**Stored data**
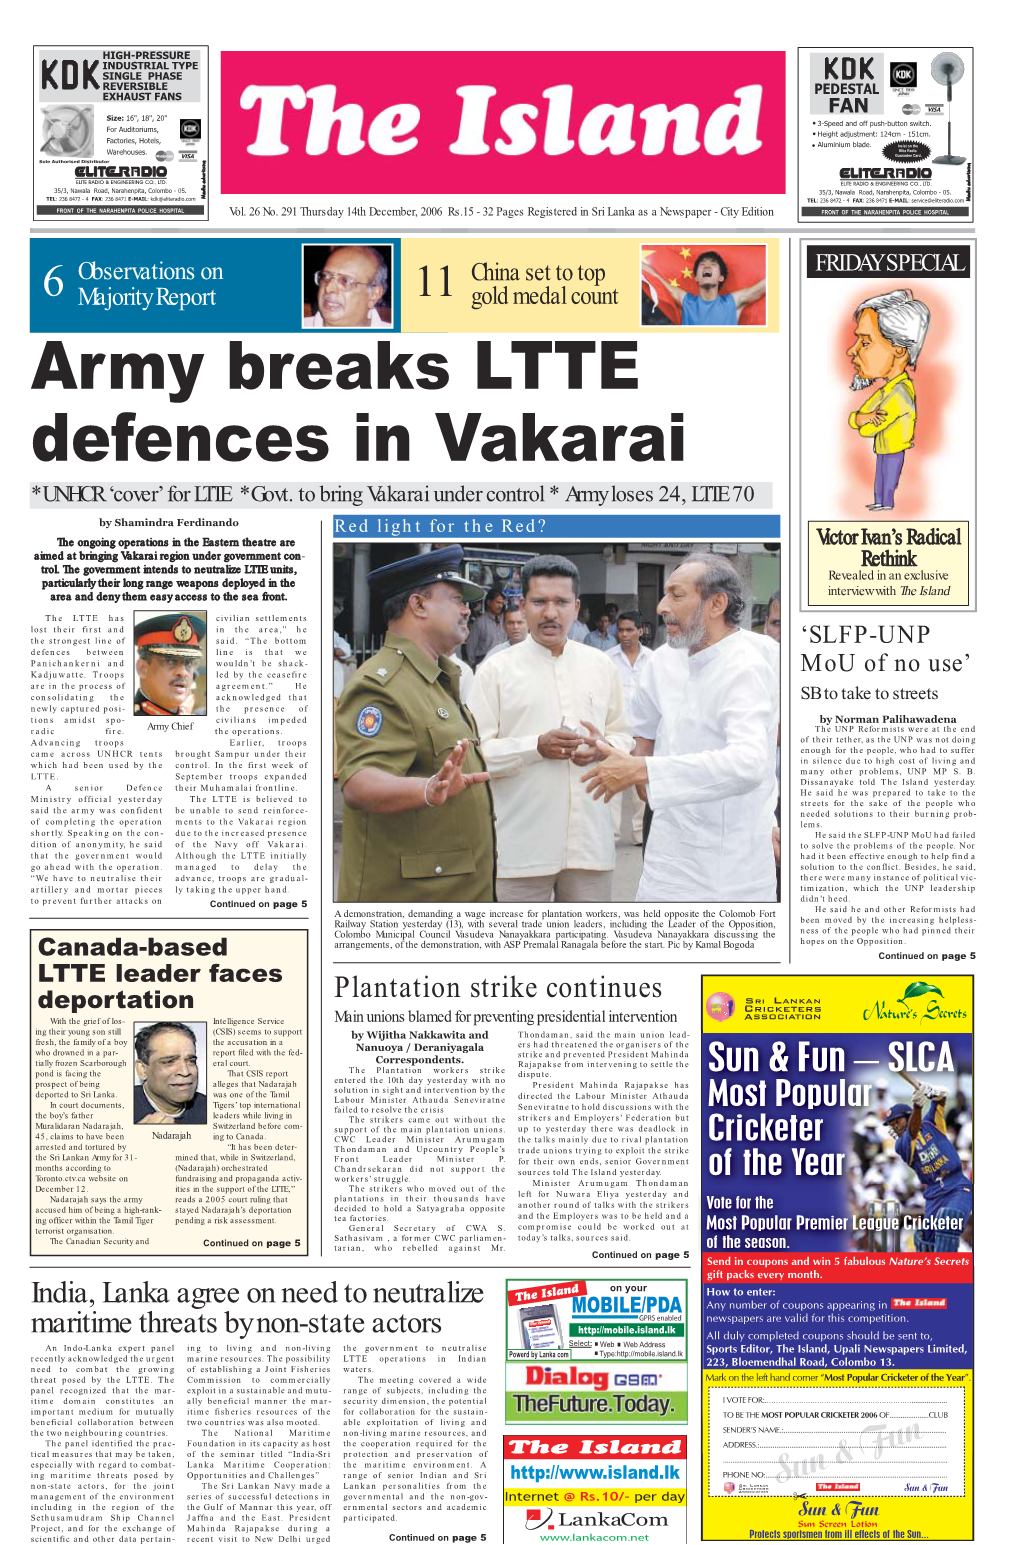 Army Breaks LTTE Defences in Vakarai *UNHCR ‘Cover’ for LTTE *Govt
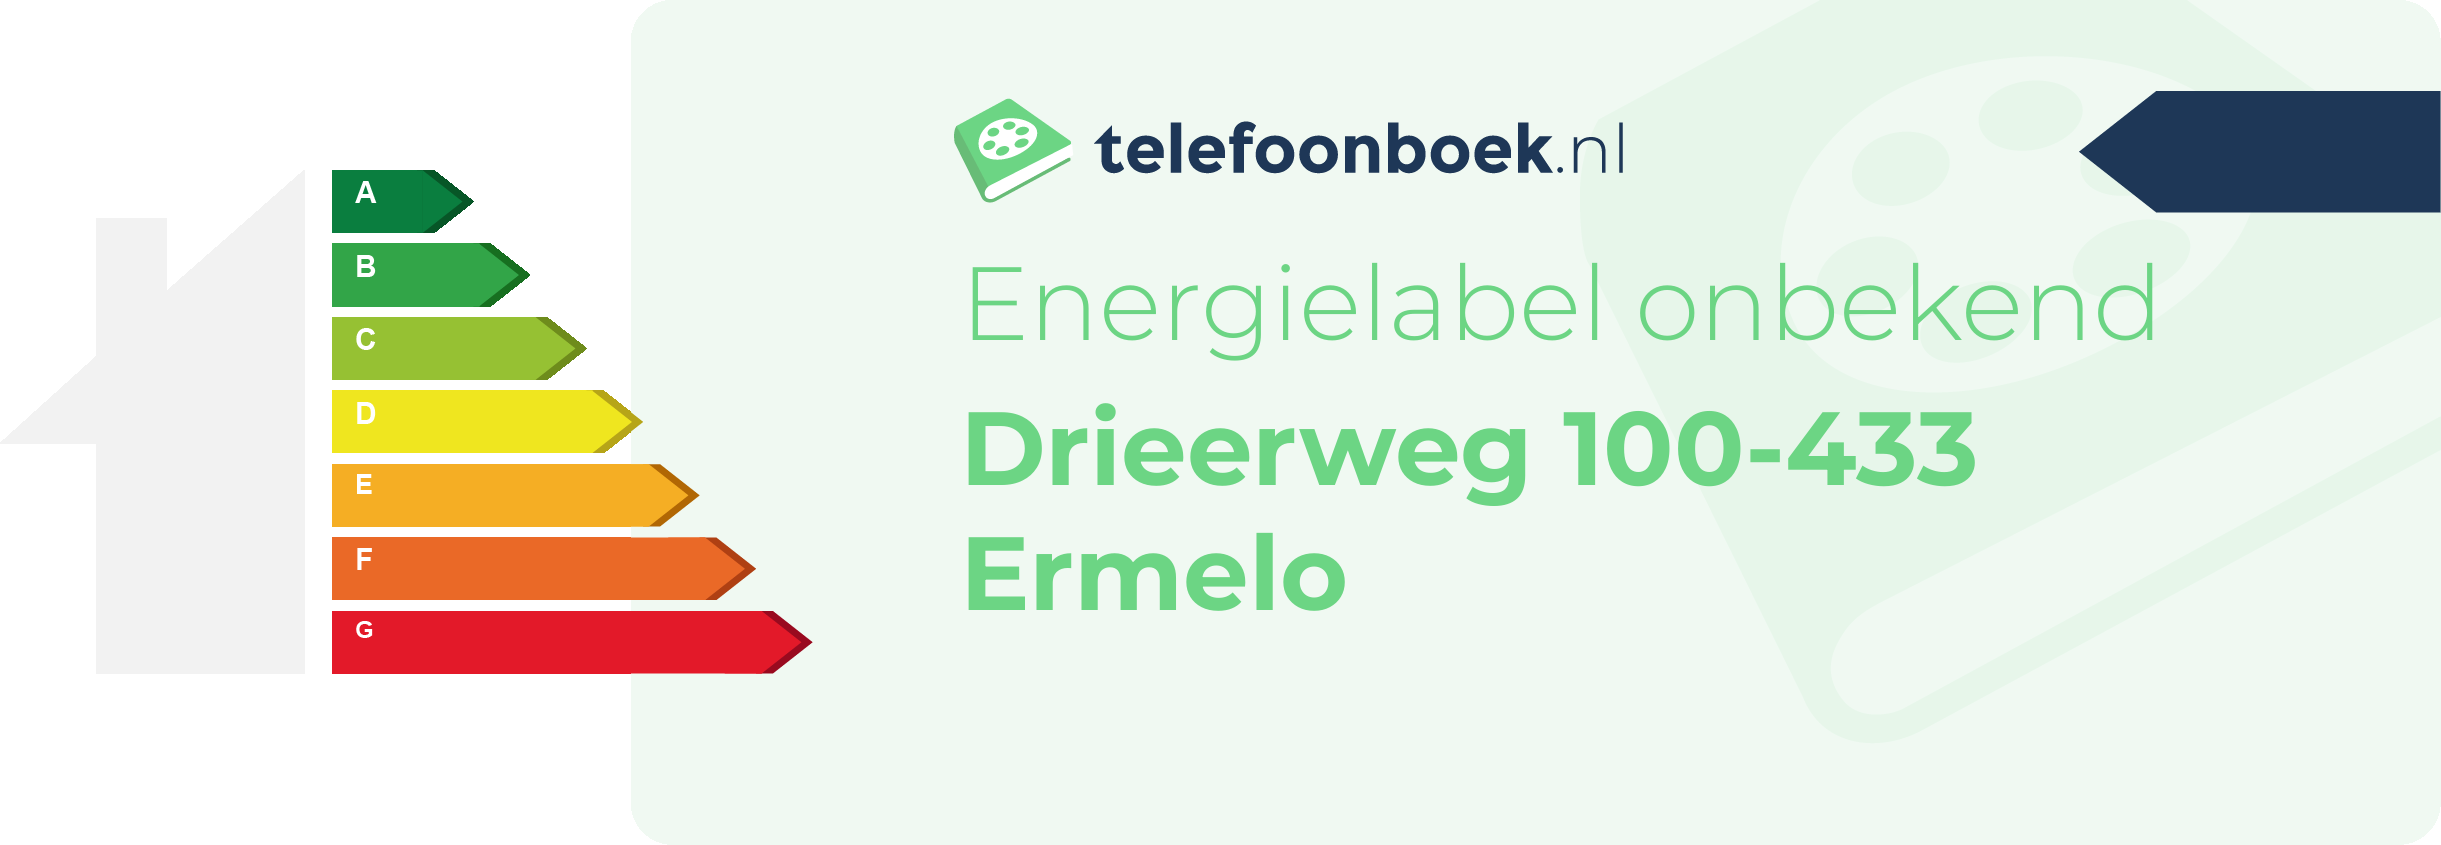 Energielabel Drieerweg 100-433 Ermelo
--
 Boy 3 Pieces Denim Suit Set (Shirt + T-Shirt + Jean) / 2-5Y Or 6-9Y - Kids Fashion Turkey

**Exercise requirements**
Where a picture appears in the records above, omit it, and transcribe exactly the stretch of lines from the one with "Army Breaks LTTE" through the one with "Energielabel Drieerweg 100-433 Ermelo".

**Exercise output**
 Army Breaks LTTE Defences in Vakarai *UNHCR ‘Cover’ for LTTE *Govt
 Energielabel Drieerweg 100-433 Ermelo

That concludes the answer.